特にADHD傾向のある子どもは、ストレスがかかったり、指示が過剰になったりするとモチベーションが大きく下がってしまうこともあるでしょう。
そのため、子どもが前向きに取り組める難易度や課題の量からスタートし、成功体験を得られるように配慮することが大切です。小さな達成感を積み重ねることで、「もう少しやってみよう」という意欲が育まれやすくなります。
集中しやすい環境を整える
集中を促すうえで、周囲の環境づくりは欠かせません。テレビやスマートフォンなど、強い刺激を発するものが近くにあると、子どもの意識がそちらへ向かいやすくなります。

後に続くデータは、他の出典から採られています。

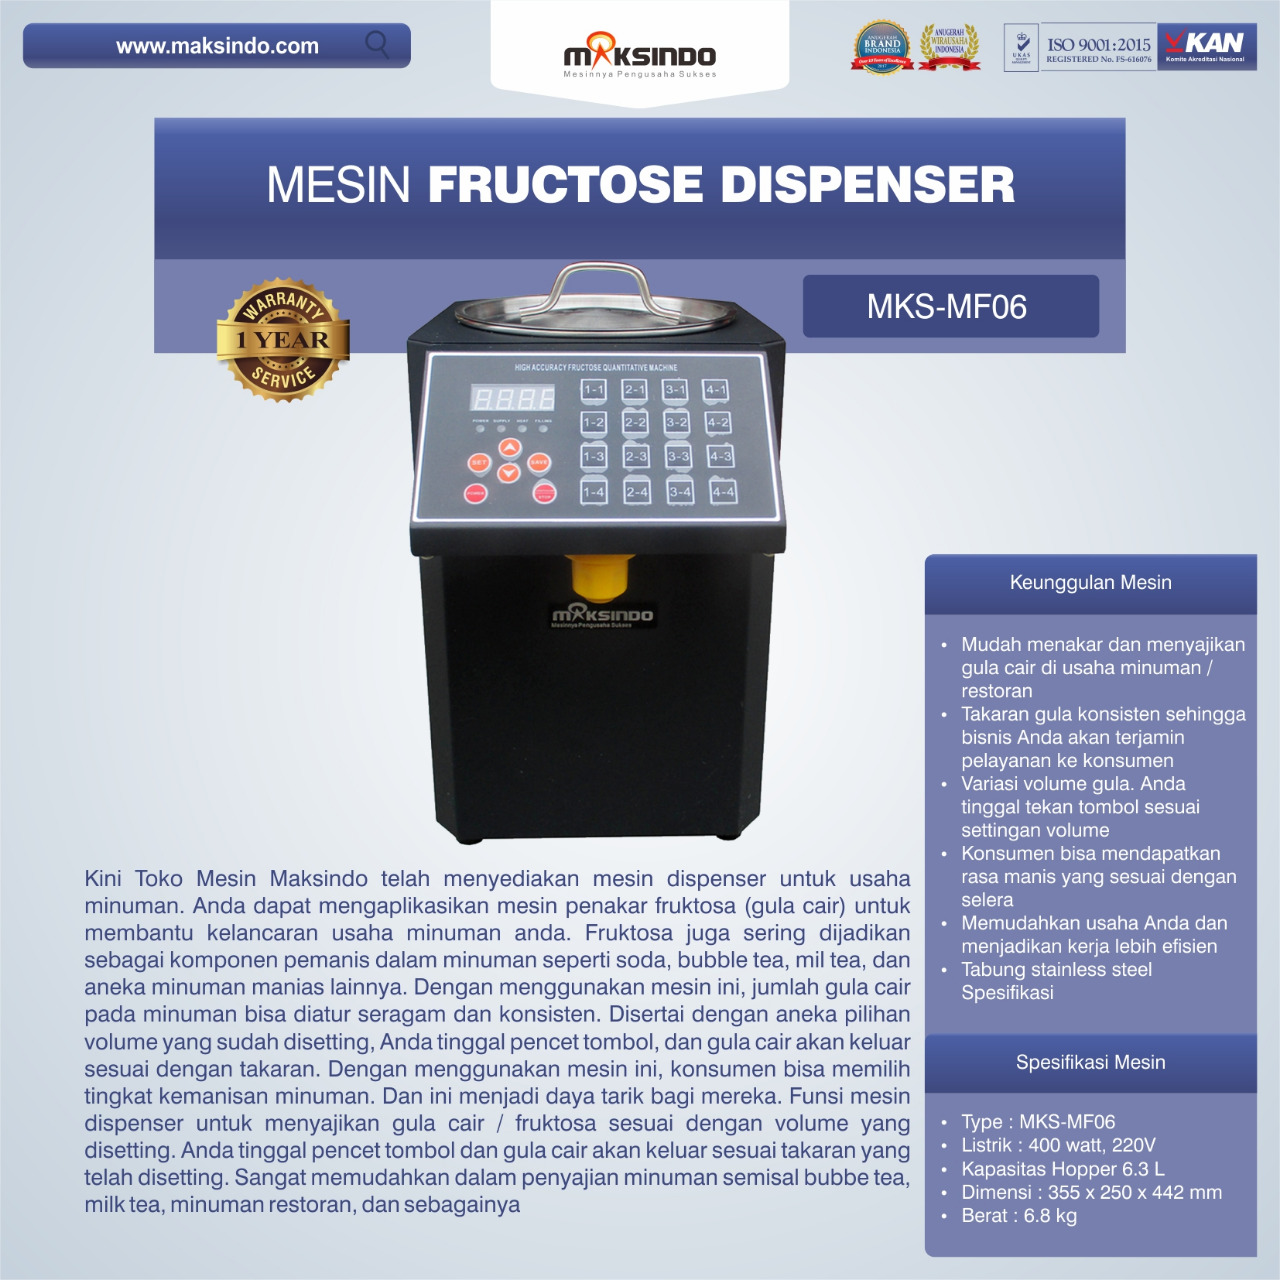 Jual Mesin Fructose Dispenser MKS-MF06 di Pekanbaru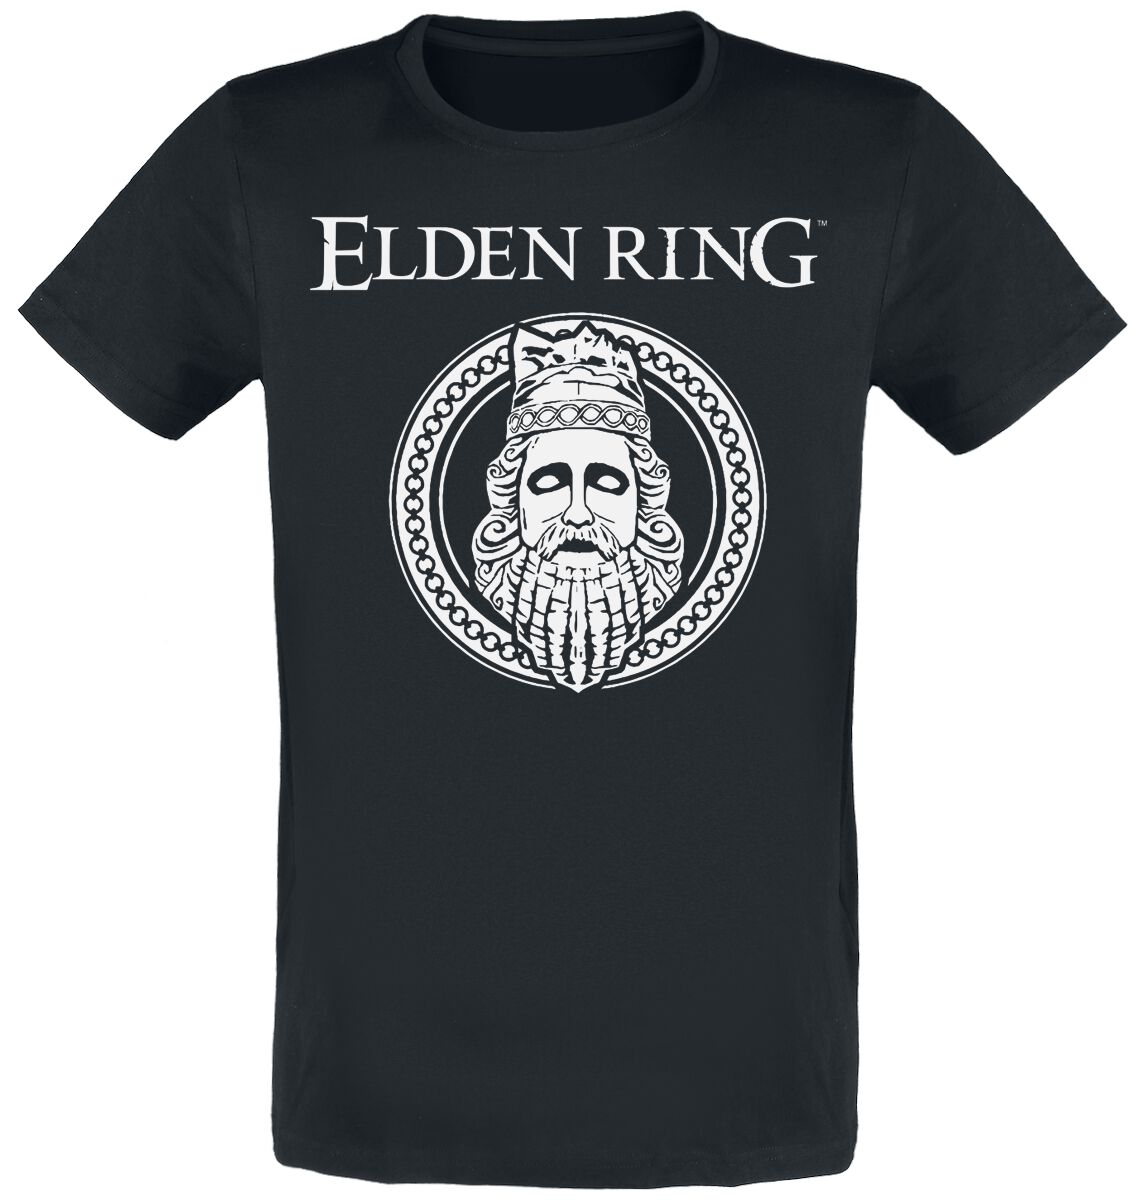 Elden Ring - Gaming T-Shirt - King - S bis XXL - für Männer - Größe XXL - schwarz

学習やトレーニングの時間は、なるべくそういったアイテムを別の部屋に置いておくなど、注意をそらす要因を取り除きましょう。BGMを流す場合は、歌詞のない静かな曲を選ぶなど、極力集中を妨げないような環境を心がけるのもポイントです。
また、机や椅子の高さ、照明の明るさなど、子どもが心地よく集中できる条件を整えることも大切です。自分専用のスペースを用意できるなら、そこで落ち着いて勉強やトレーニングをする習慣をつけるとよいでしょう。
ほめて伸ばす声かけをする
子どもはほめられることで自信をつけ、やる気を継続しやすくなります。ADHDの子どもは失敗や注意を受ける機会が多く、自己肯定感が下がりがちです。
わずかな進歩でも「よくがんばったね」「ここが上手になったね」と具体的にほめると、達成感を抱きやすくなります。特に、やり終えた後のポイントを振り返って伝えてあげると、次への意欲につなげやすいです。

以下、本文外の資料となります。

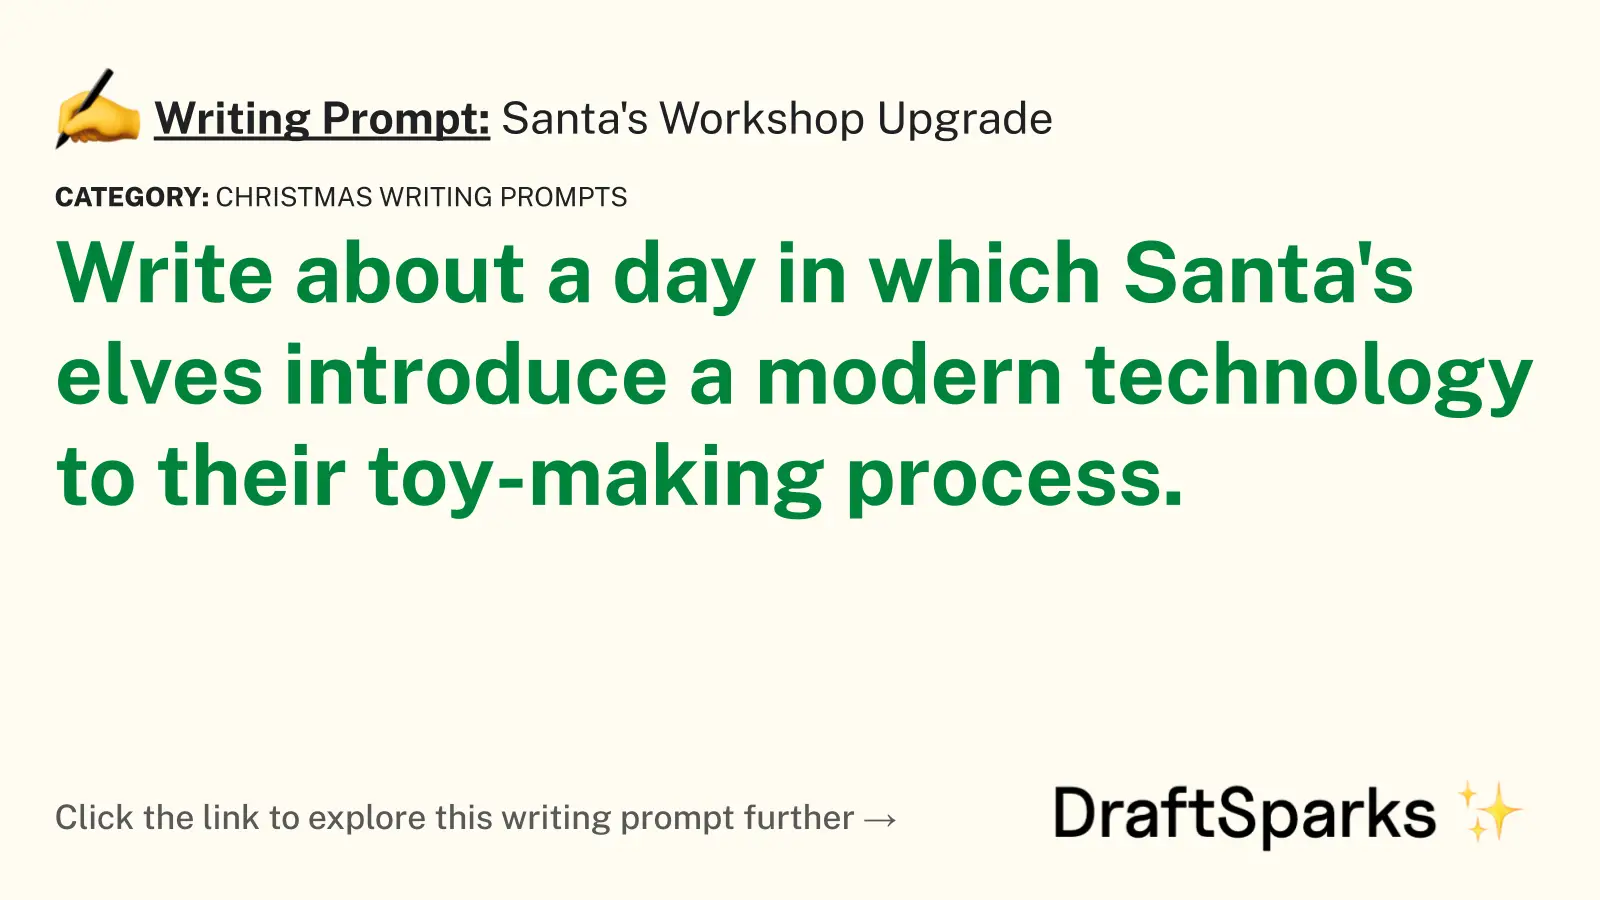 Santa’s Workshop Upgrade

やる気をなくさないよう、できていない部分を責めるよりも、できた部分に焦点を当てて声かけをすることが大切です。
根気強く続ける
トレーニングや学習効果は、短期間ですぐに目に見える形で現れるとは限りません。ADHD傾向がある子どもは日によって集中度合いが大きく変わることもあり、思うように成果が出ない時期があるかもしれません。

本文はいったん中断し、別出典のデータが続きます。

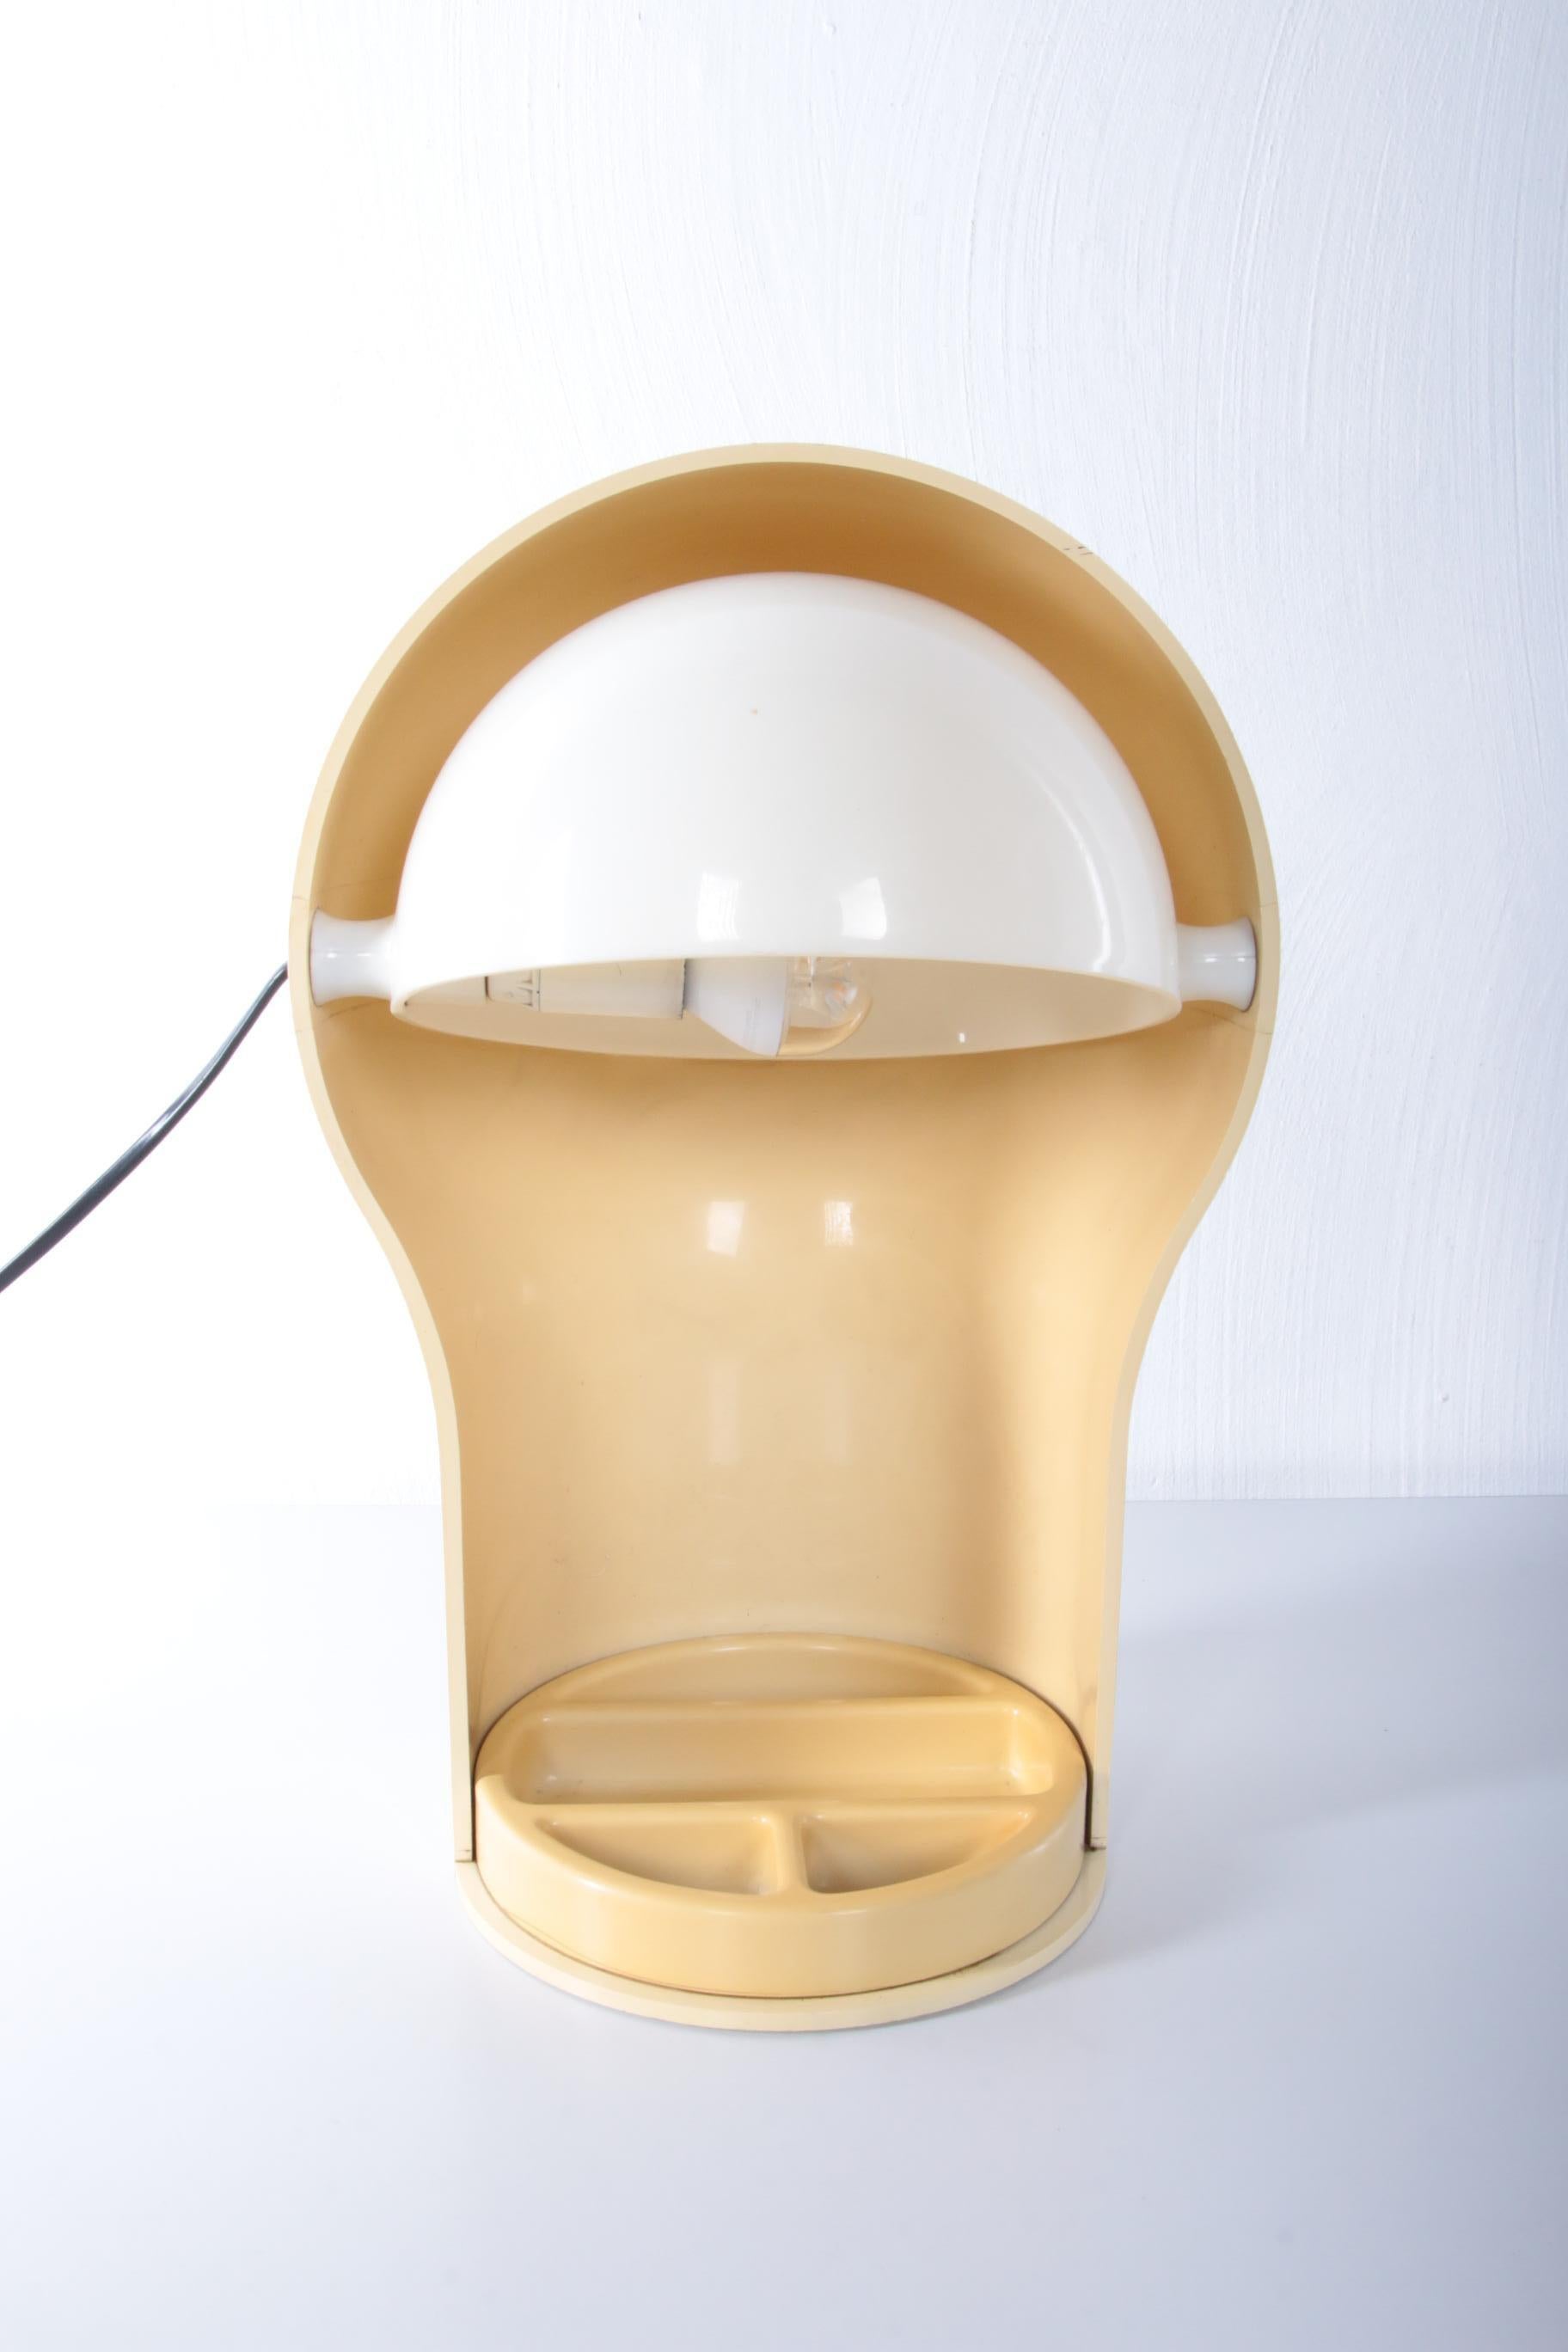 Mid-20th Century Vico Magistretti Desk Lamp Model Telegono Made by Artemide, 1960s Italy

しかし、脳の発達には時間がかかり、継続的な取り組みが結果を生むということを理解しておきましょう。うまくいかない日があっても、焦らずに方法を微調整しながら続けることで、徐々に前頭葉が鍛えられ、子ども自身も「やればできる」という手応えを感じられるようになっていきます。
まとめ

ADHDのお子さんの前頭葉を鍛えることは、集中力や行動の安定に繋がる重要な取り組みです。認知トレーニングや運動、日常生活でのルーティン化など、さまざまな方法があり、家庭でも無理なく始められます。
また、子どもの年齢や発達段階に合わせた適切なアプローチを選ぶことが効果を高めるポイントです。大切なのは、焦らず根気よく続けることです。小さな成功体験を積み重ねることで、自己肯定感が育まれ、より良い成長へと繋がります。家族で協力しながら楽しく取り組んでいきましょう。